= John Kersey the younger =

John Kersey the younger (fl. 1720) was an English philologist and lexicographer of the late seventeenth and early eighteenth centuries. He is notable for editing three dictionaries in his lifetime: A New English Dictionary (1702), a revised version of Edward Phillips' The New World of English Words (1706) and the Dictionarium Anglo-Britannicum (1708).

As well as being amongst the earliest monolingual English dictionaries, they were also amongst the first to focus on words in common use, rather than on difficult words.

==Life==
He was son of John Kersey the elder, with whom he has often been confused, and revised the work of his father in the fourteenth edition of the Arithmetic of Edmund Wingate (1720). He, more probably than his father, contributed the Discourse to an unlearned Prince' to the Translation of Plutarch's Morals, which appeared 1684-5 (republished 1870).

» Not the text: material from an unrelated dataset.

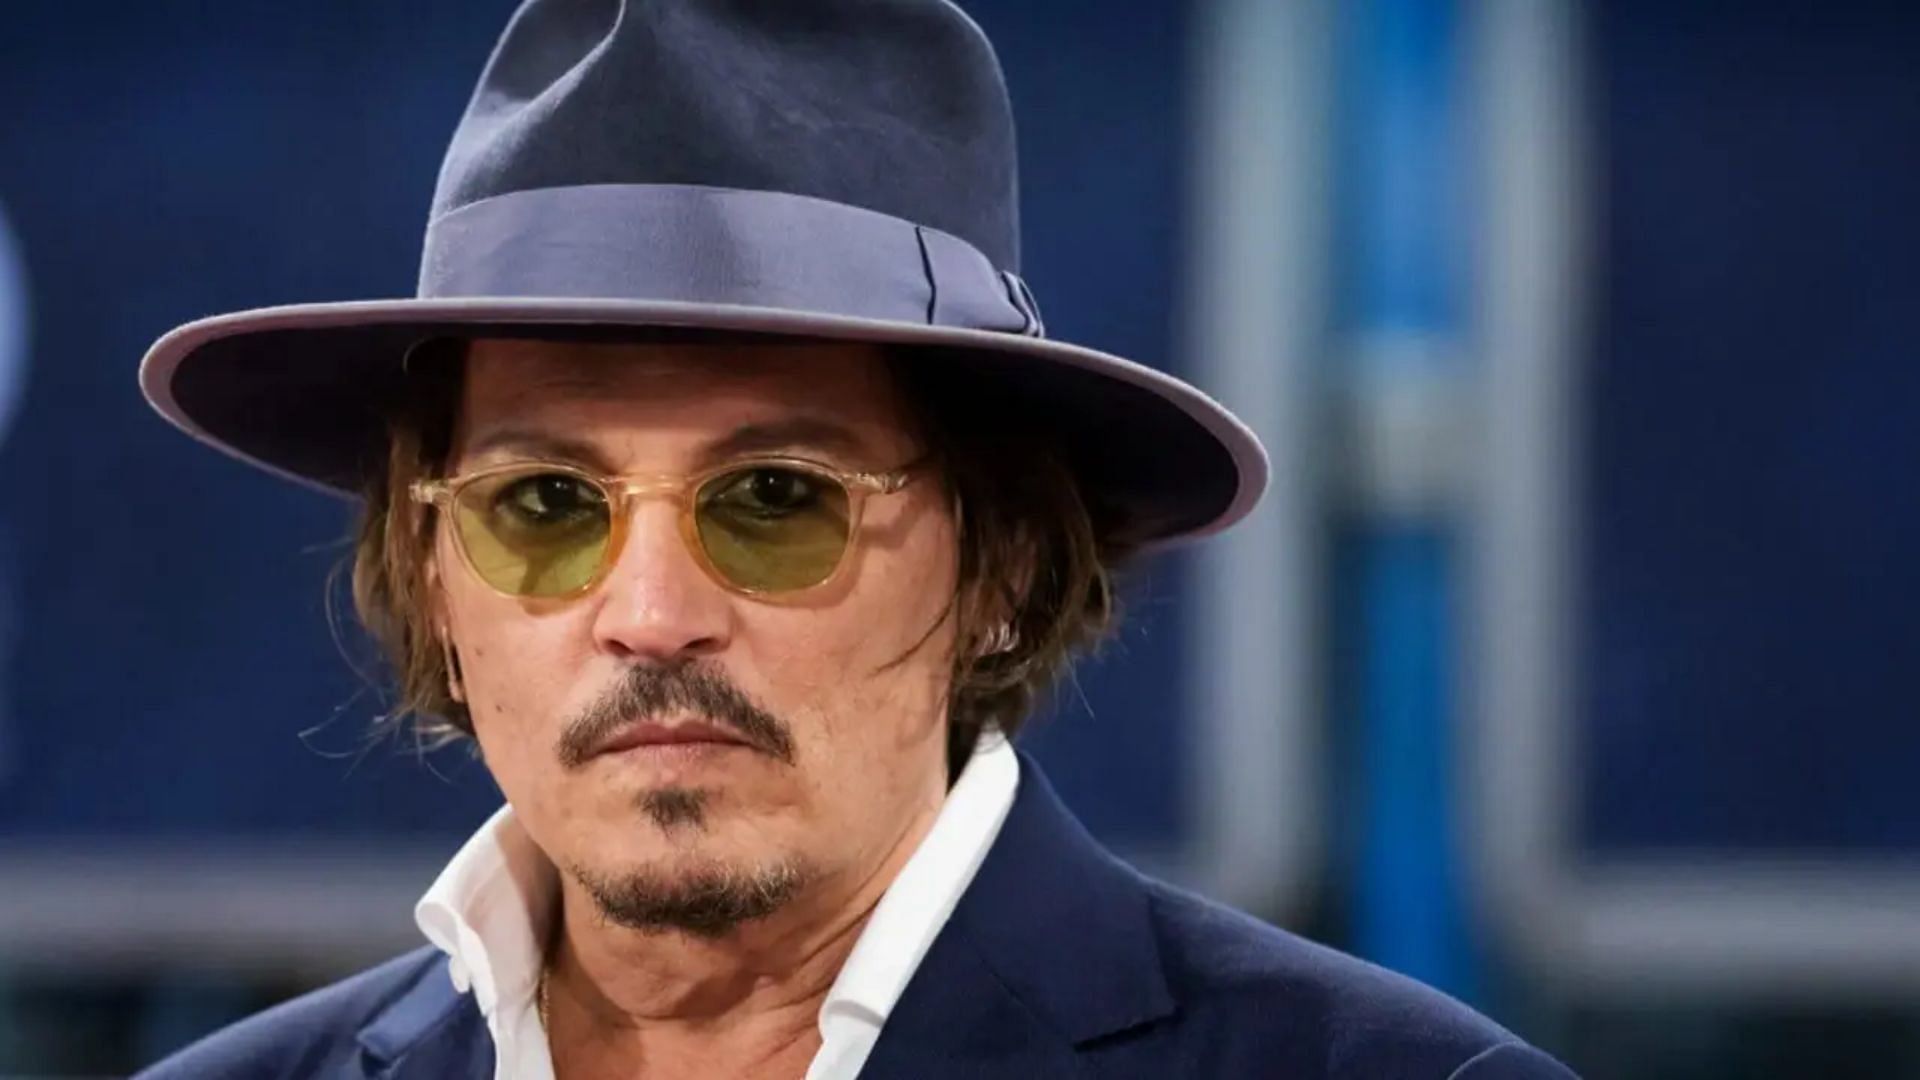 Johnny Depp ( Image via Nurphoto/Getty Images)

He was mainly occupied with lexicography. The sixth edition of Phillips' New World of Words, which was published in 1706, was edited by him (Pref to Dict. Anglo-Britannicum, 1708). He greatly added to the number of words, and published a seventh edition in 1720. Another dictionary, the New English Dictionary, of which the first edition is said to have appeared in 1702 (2nd 1713, 3rd 1731, &c.), was also assigned on the title-page to J. K., but Kersey's responsibility for the work has been questioned. In 1708 was printed his Dictionarium Anglo-Britannicum, comprehending a brief explication of all sorts of difficult words; a new edition in 1715 contained 'words and phrases made use of in our ancient statutes, old records, charters;' the third edition appeared in 1721. About this work, Starnes & Noyes said "Kersey's vocabulary, estimated at 35,000 words, far surpasses that of any preceding dictionary, with the single exception of the folio Kersey-Phillips, which, amazingly enough considering its difference in physical size, it almost equals."

The scholars go on to state that, "Kersey was, obviously, the first outstanding lexicographer. The first decade of the eighteenth century had produced five new dictionaries, and its lexicography had been dominated by the activities of John Kersey. Kersey was...a notable pioneer, rejected outmoded material and methods, working toward modern concepts, and in general playing his role of lexicographer with responsibility and intelligence. He must be credited with the first universal dictionary; with the first abridged dictionary; with the largest, most useful, and most competently executed dictionaries produced up to his time."

From Kersey's Dictionarium Thomas Chatterton borrowed part of his archaic vocabulary.

The date of his death is uncertain.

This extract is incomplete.